Рождество в Питербурхе было весёлое. И хоть колоколов не много ещё навешали, перезвон стоял — в ушах гудело. Обнимались, целуясь троекратно, и попито вина было да сладких наливок, водок, настоек, медов, пива разного, браги, выморозок — море. С едой было трудненько, не то, конечно, что в Москве хлебосольной. Обозы в Питербурх шли долго да и нелегко, но всё же едено было и жареное мясо, и пареное, и тушёное. Подавали рыбу и под морошкой, и под клюквой, и под рябиной, морозом схваченной.
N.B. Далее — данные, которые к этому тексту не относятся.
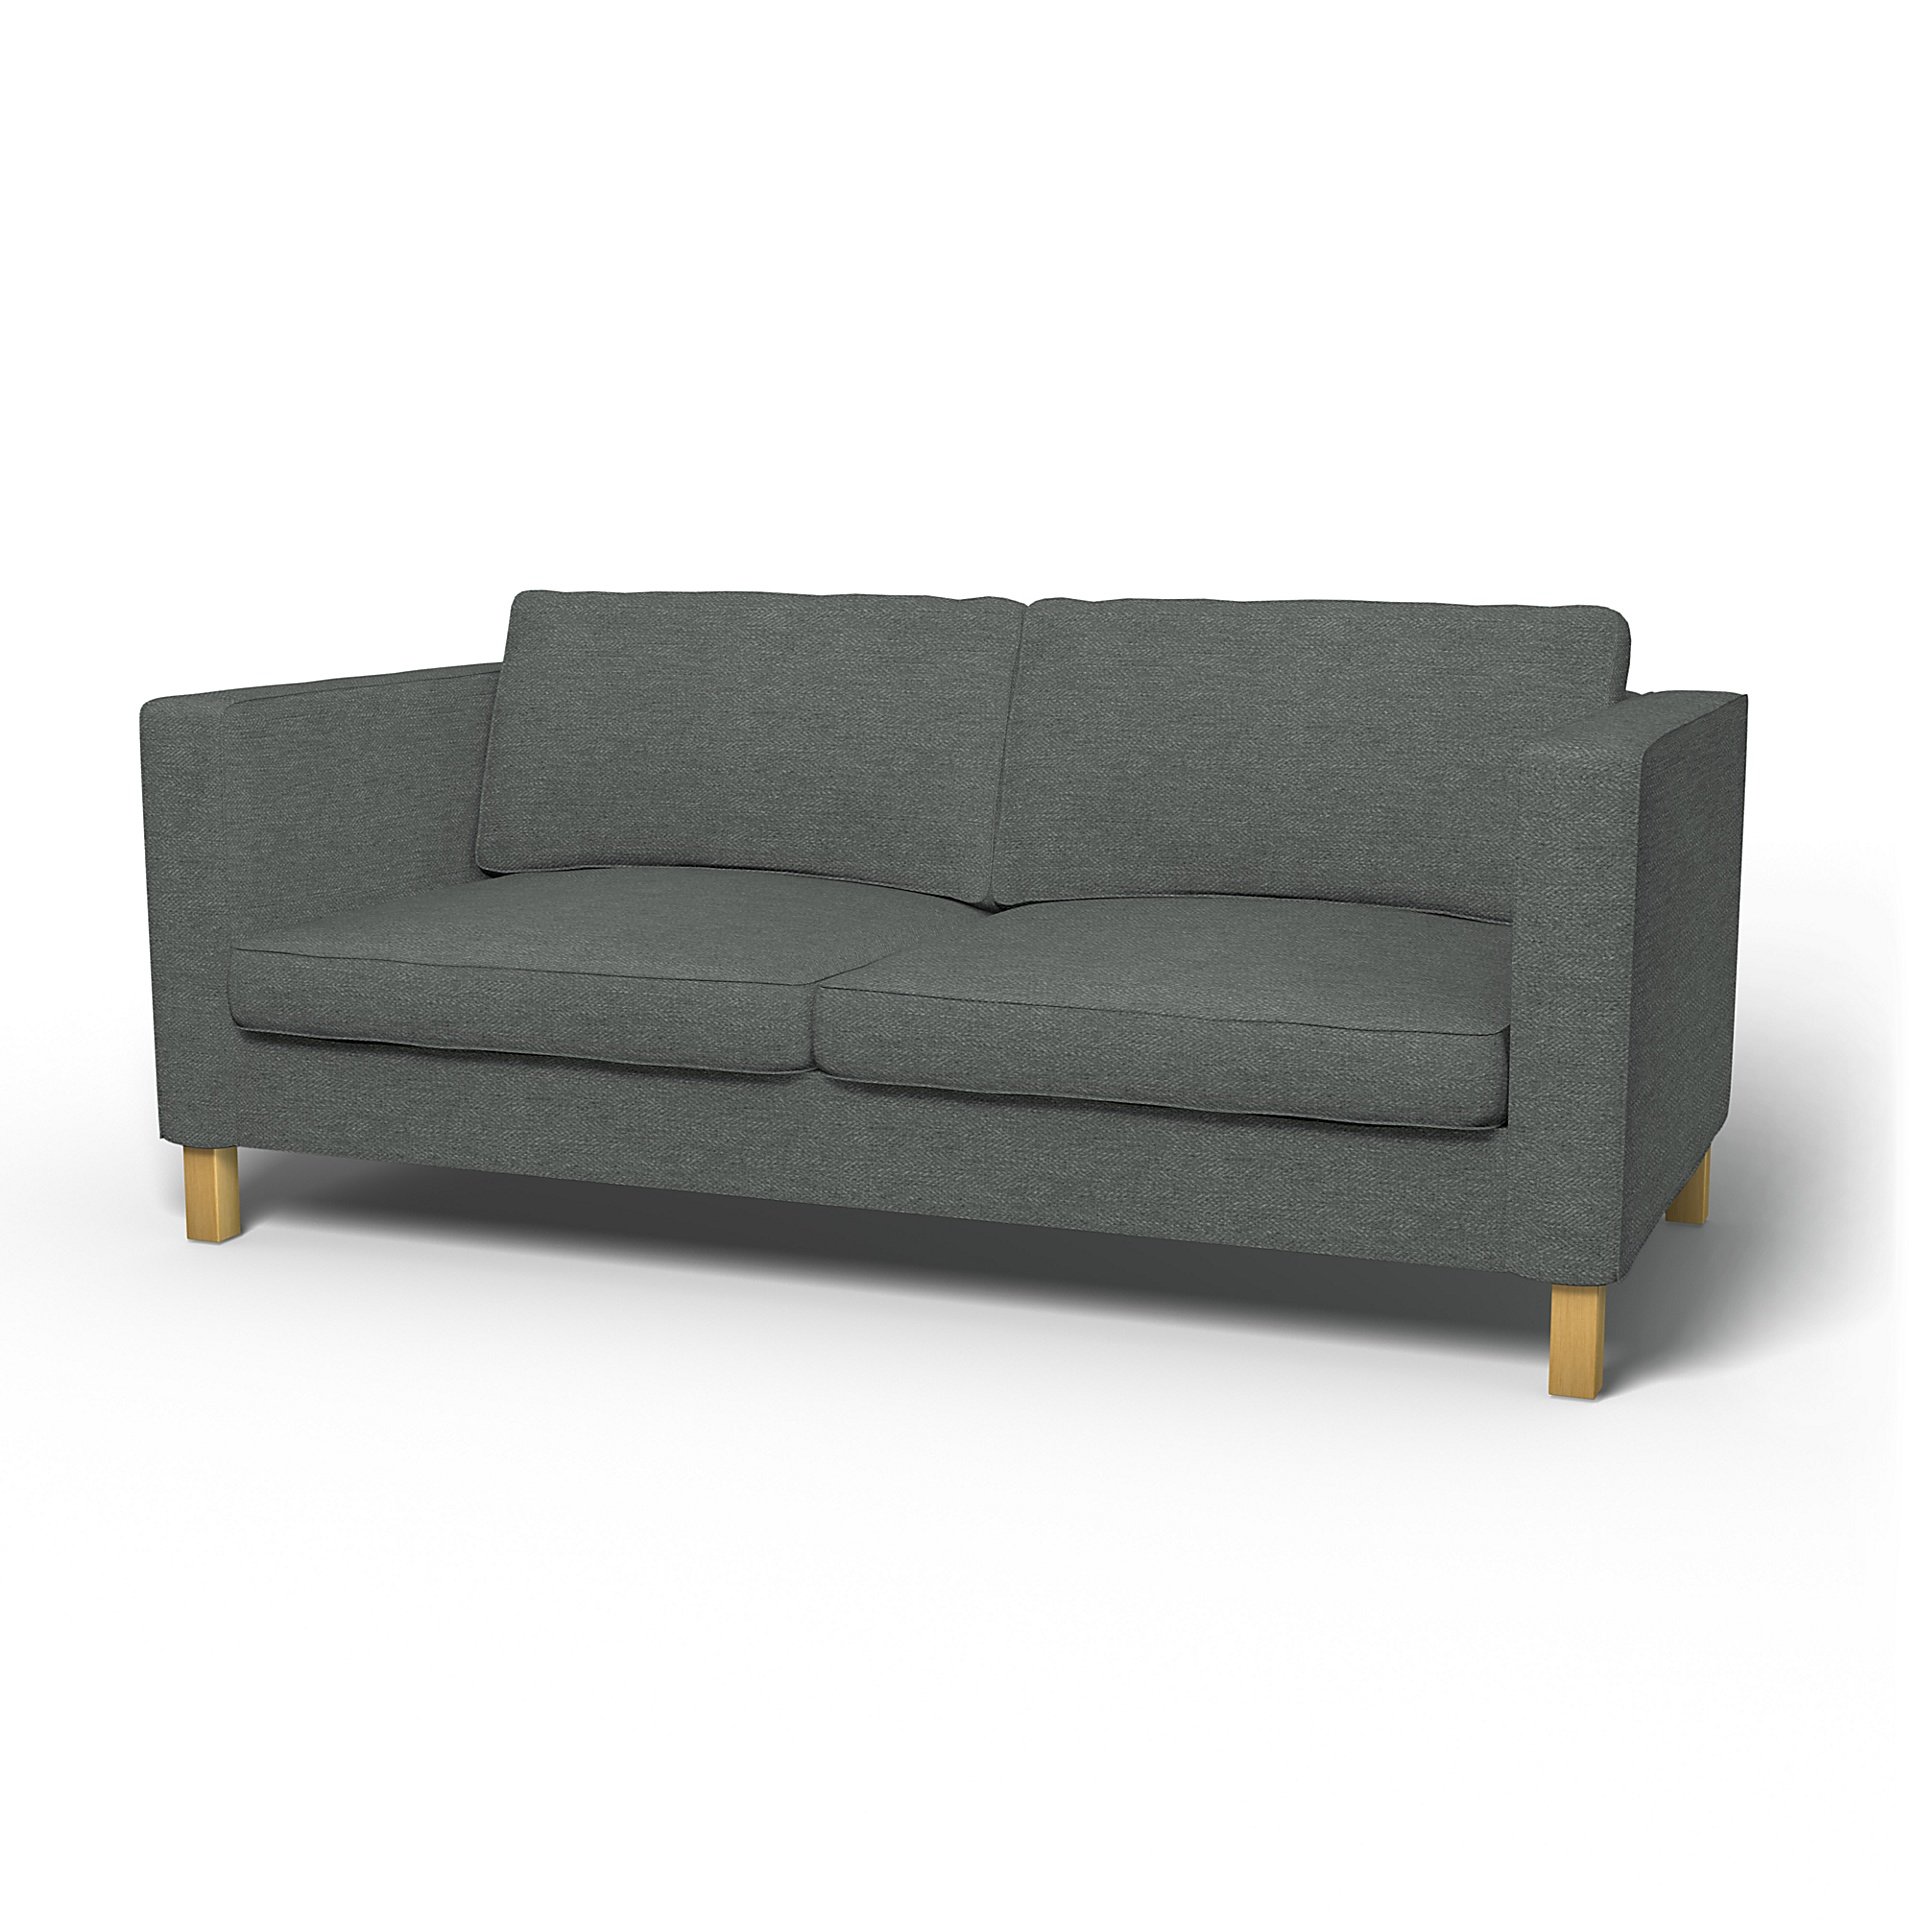 IKEA - Karlanda Sofa Bed Cover, Laurel, Boucle & Texture - Bemz
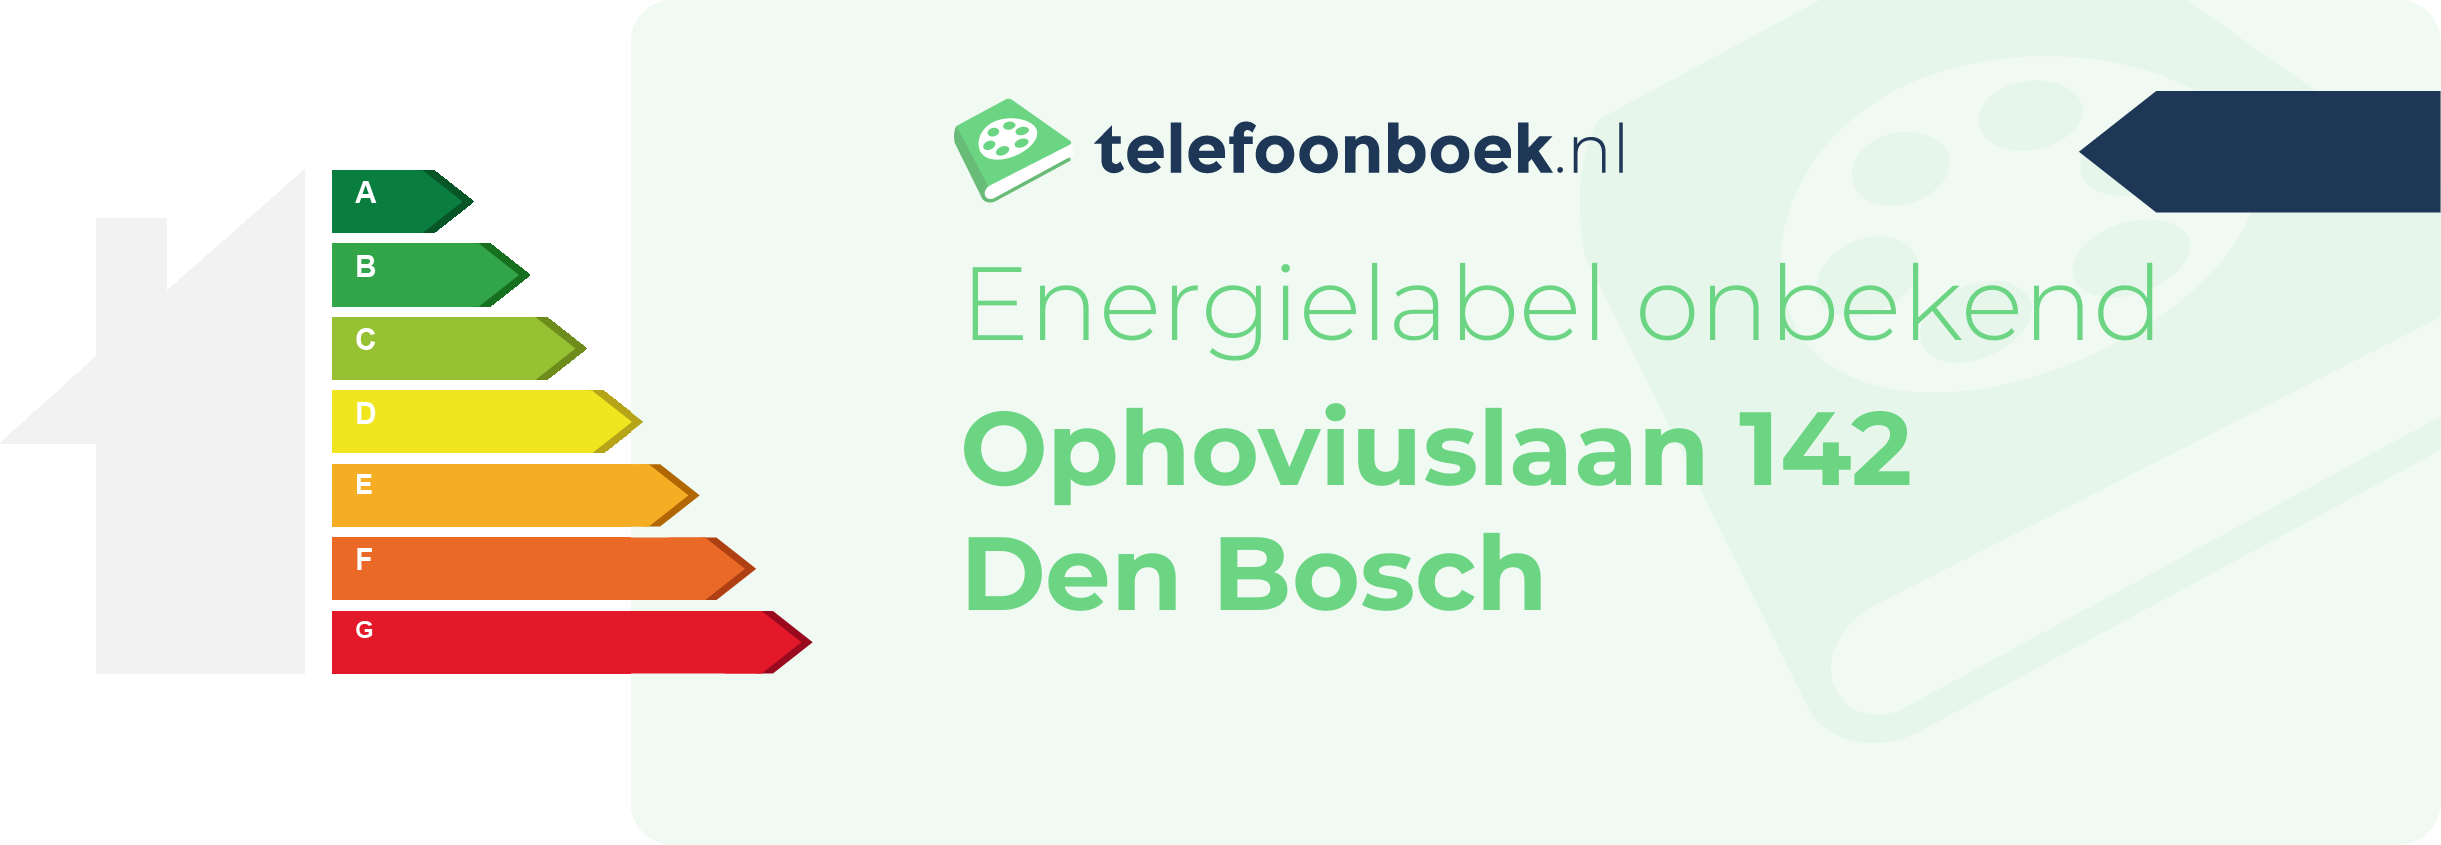 Energielabel Ophoviuslaan 142 Den Bosch

И струганину едали, пупки куриные, на мёду варенные, и пироги московские; расстегаи, жиром текучие, подавали. Дичь всякую на стол метали. И зайчатину, чесноком сдобренную, и оленину нежную, розовую, и медвежатину красную, кирпичную, что только мужам пристало есть, так как от того мяса силы играют молодецкие.
Принявшим вина излишек щи подавали кислые — такие, что глаз дерут. Съев горшок щей тех, человек вставал как встрёпанный.
От столов отвалившись, начинали игрища и забавы. Рядились кто во что горазд.
В компании Меншикова трёх офицеров Преображенского полка, дуроломов двухметрового роста, одели медведями. А так как офицеры те за столом водки крепости оглушающей хватили изрядно, то ревели они осатанело, пуще зверей настоящих.